Nightmare prevalence, nightmare distress, and self-reported psychological disturbance
- PMID: 11902430
Nightmare prevalence, nightmare distress, and self-reported psychological disturbance
Abstract
Study objectives: The relationship between nightmare prevalence, nightmare distress, and self-reported psychological disturbance was assessed prospectively.
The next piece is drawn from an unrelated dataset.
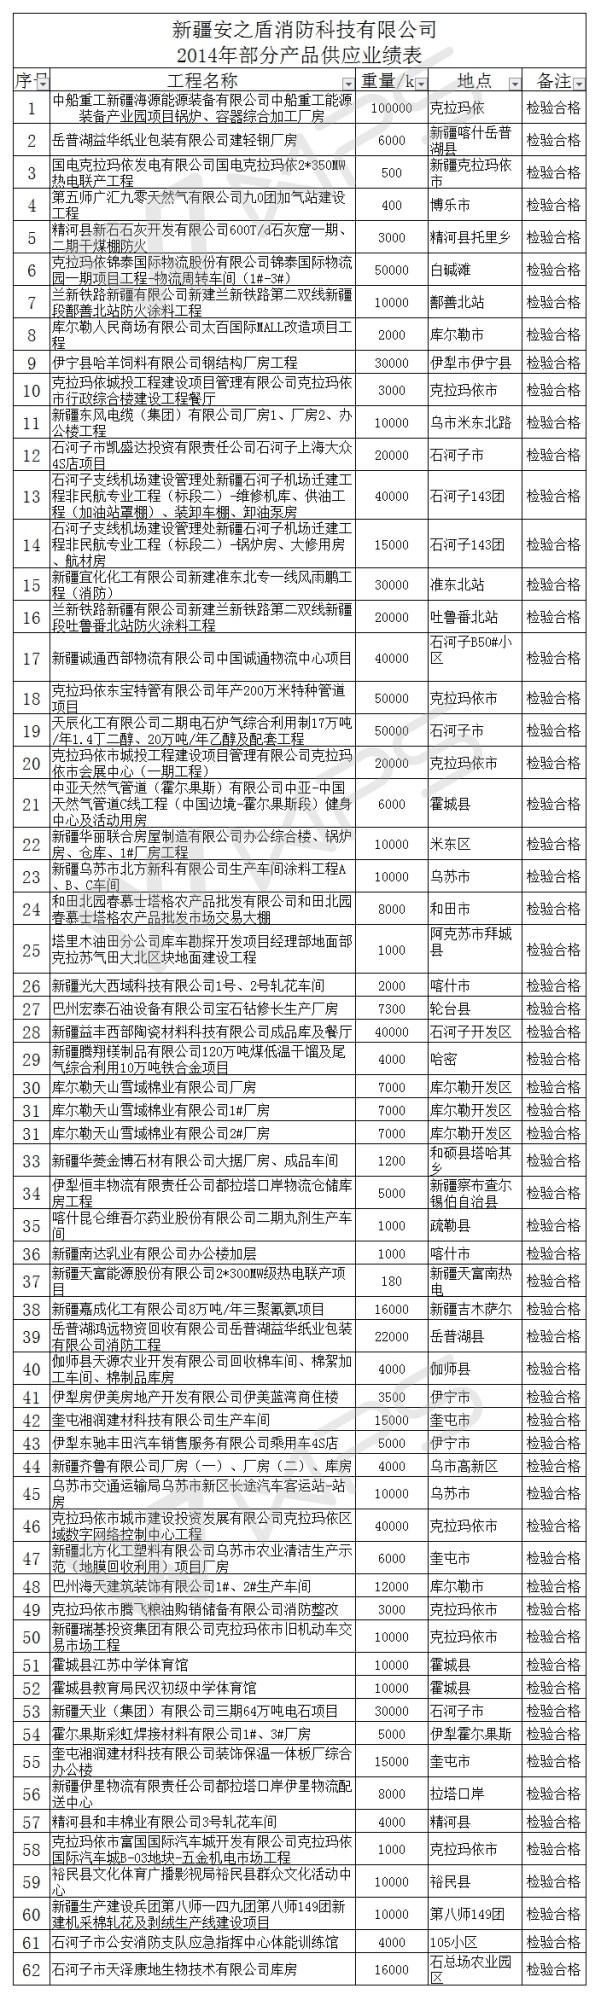 新疆安之盾消防科技有限公司 2014年部分产品供应业绩表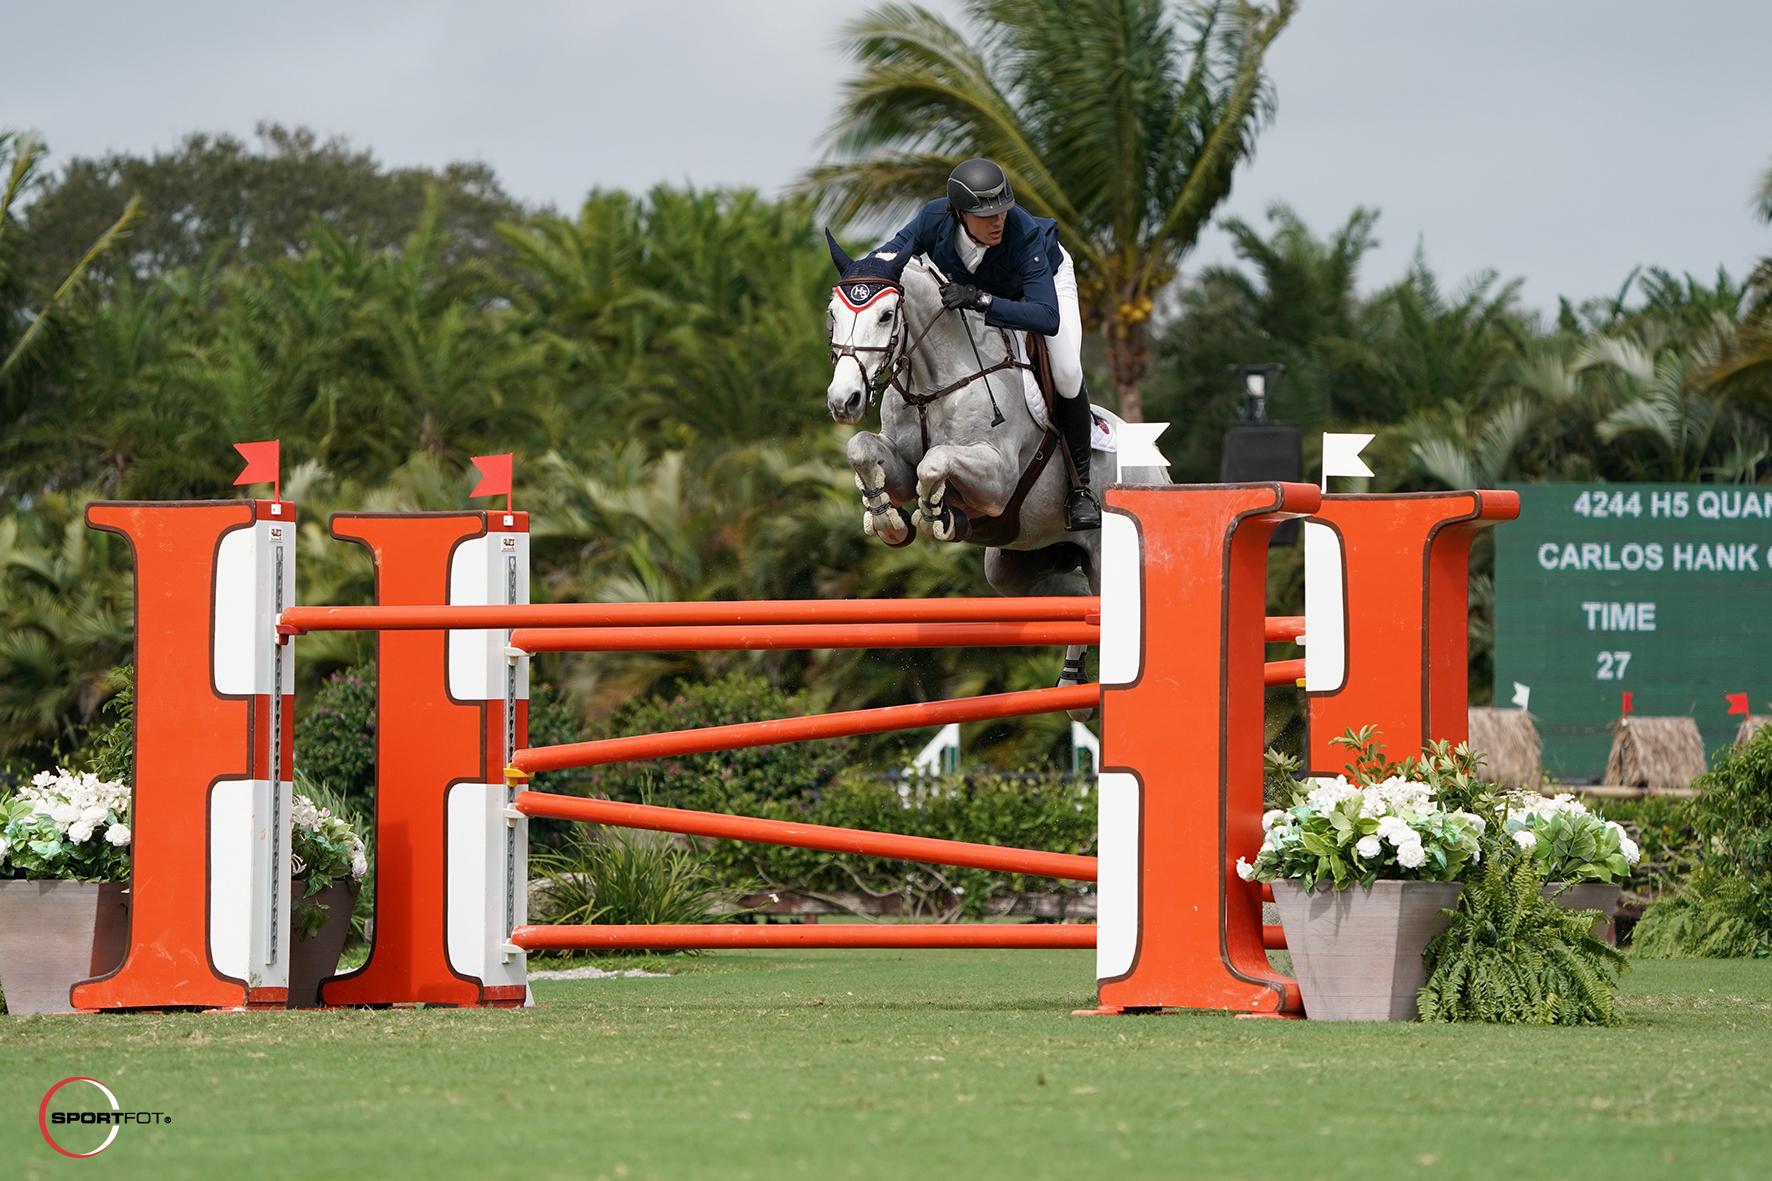 Carlos Hank Guerreiro and H5 Quantador 3 by Sportfot 528_3133

Design: Differences in self-reported psychological disturbance as a function of nightmare prevalence was investigated by MANCOVA's with non-nightmare dreams as the covariate as well as Pearson correlations. The relative contribution of nightmare prevalence and distress to the prediction of psychological disturbance was investigated through multiple regression analyses.
Setting: N/A.
Participants: 116 participants (mean age = 20 years) completed self-report indices of depression, anxiety, dissociation, psychosis-proneness, and a psychiatric symptom checklist and kept a nightmare log for 21 consecutive nights.
Interventions: N/A.
Measurements and results: Frequent nightmares were associated with higher levels of psychological disturbance. Individuals who reported 3 or more nightmares across the 3 weeks reported more dissociation, psychosis-proneness and psychiatric symptoms than participants reporting 2 nightmares or less. However, nightmare prevalence and distress were not significantly correlated and differentially predicted to different types of waking psychological disturbance. Multiple regressions further indicated that nightmare distress accounted for much of the unique explanatory variance in predicting clinical states associated with high negative affect (anxiety and depression). Last, there was no evidence for a specific relationship between nightmares and psychosis-proneness.
Conclusions: The findings suggest that it is not the incidence of nightmares which is associated with poorer waking psychological functioning, especially anxiety and depression states, but the reported distress associated with the nightmare experience which is the critical variable in predicting higher psychological disturbance.